Enfin, nous devons au lecteur et à la lectrice un mot d’explication sur la forme que prend cet ouvrage, aboutissement d’une recherche scientifique co-édité par une organisation militante dont un des responsables signe la postface. Les liens entre militantisme et travail scientifique sont complexes, empreints de méfiance réciproque. Le militant enrage de voir le sociologue " ne pas aller assez loin ", " être si long_ ", critique la prudence avec laquelle il formule ses énoncés. Le chercheur, à l’inverse, tenu à l’analyse de son propre rapport à l’objet, se méfie des prises de positions partisanes et craint de voir délégitimer son travail par l’accusation de partialité. Cette tension constante du travail sociologique entre l’" engagement " et la " distanciation ", pour employer les termes de Norbert Elias, voit ses effets multipliés lorsqu’il s’agit d’aborder un thème tel que celui de l’abus dit sexuel en prison. Face aux témoignages évoquant l’horreur et le sordide, la " neutralité axiologique " que réclament les traités d’épistémologie semble un bien vain mot d’ordre. Dans la mesure du possible, nous avons tenté d’être les plus impartiaux et " objectifs " possibles, tout en sachant que dans bien des cas il s’agissait d’un voeu pieux. Pour autant, nous estimons que les analyses publiées ici n’ont pas abdiqué toute rigueur. Quant à la dimension implicitement critique que d’aucuns pourraient déceler dans nos propos et nous reprocher, celle-ci nous semble intrinsèque au travail même de la sociologie, et nous faisons nôtres ces propos de Pierre Bourdieu sur la dimension critique inhérente à tout dévoilement scientifique : " Dans le cas de la science sociale, ce dévoilement est par soi une critique sociale, et qui est d’autant plus puissante que la science est puissante, donc plus capable de dévoiler les mécanismes qui doivent une part de leur efficacité au fait qu’ils sont méconnus, et de toucher ainsi aux fondements de la violence symbolique ".

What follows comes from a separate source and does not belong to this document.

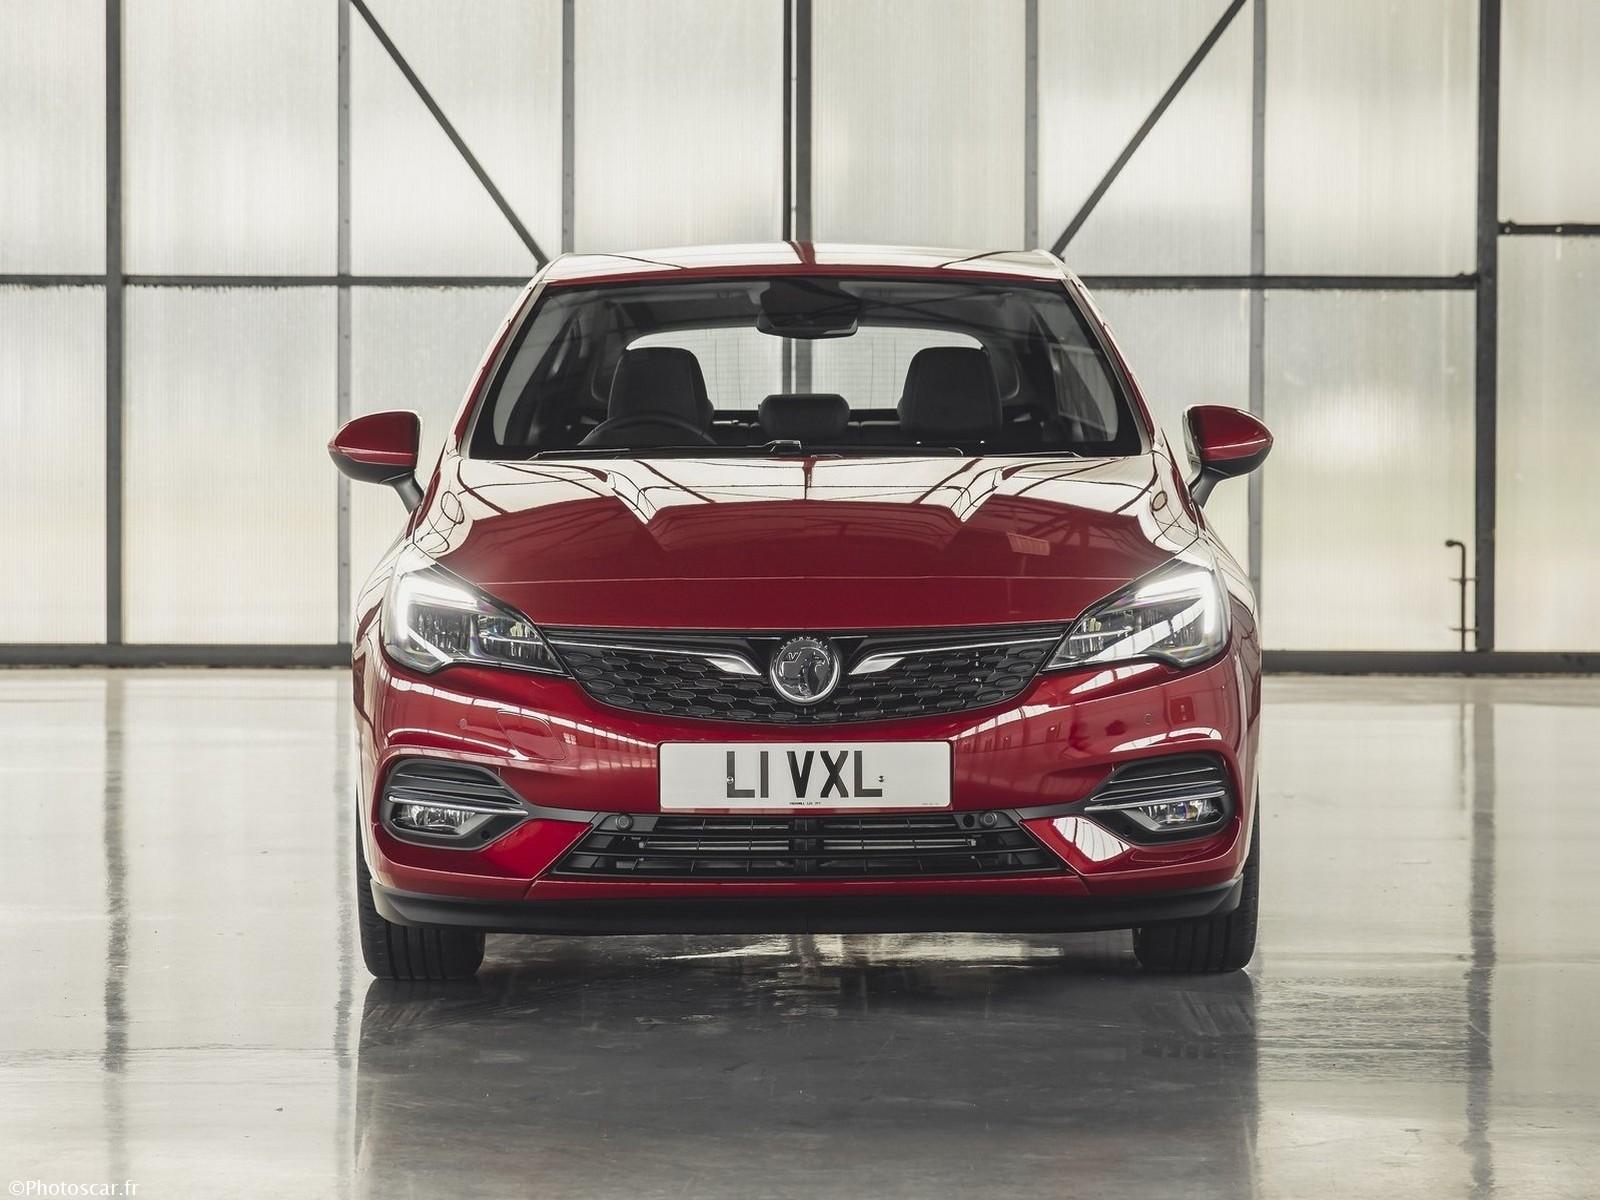 Vauxhall Astra 2020

Nous n’avons pas refusé que notre travail soit " approprié " par l’Observatoire international des prisons, même si tous les membres de l’équipe n’en partagent pas nécessairement les analyses et prises de positions. Tout ouvrage de ce type devient dès sa parution un enjeu et l’objet d’usages multiples dans les luttes pour la définition de ce que doit être le monde carcéral, et nous n’avons en quelque sorte fait qu’anticiper et approuver cette appropriation. Compte-tenu de la demande originelle de l’OIP et de sa contribution au recueil des données, il ne nous a pas semblé que sa proposition de co-édition constituait une remise en cause de la validité de notre travail, lequel a été élaboré de façon totalement autonome. Conformément à la formule consacrée, les propos avancés dans cet ouvrage n’engagent que leurs auteurs.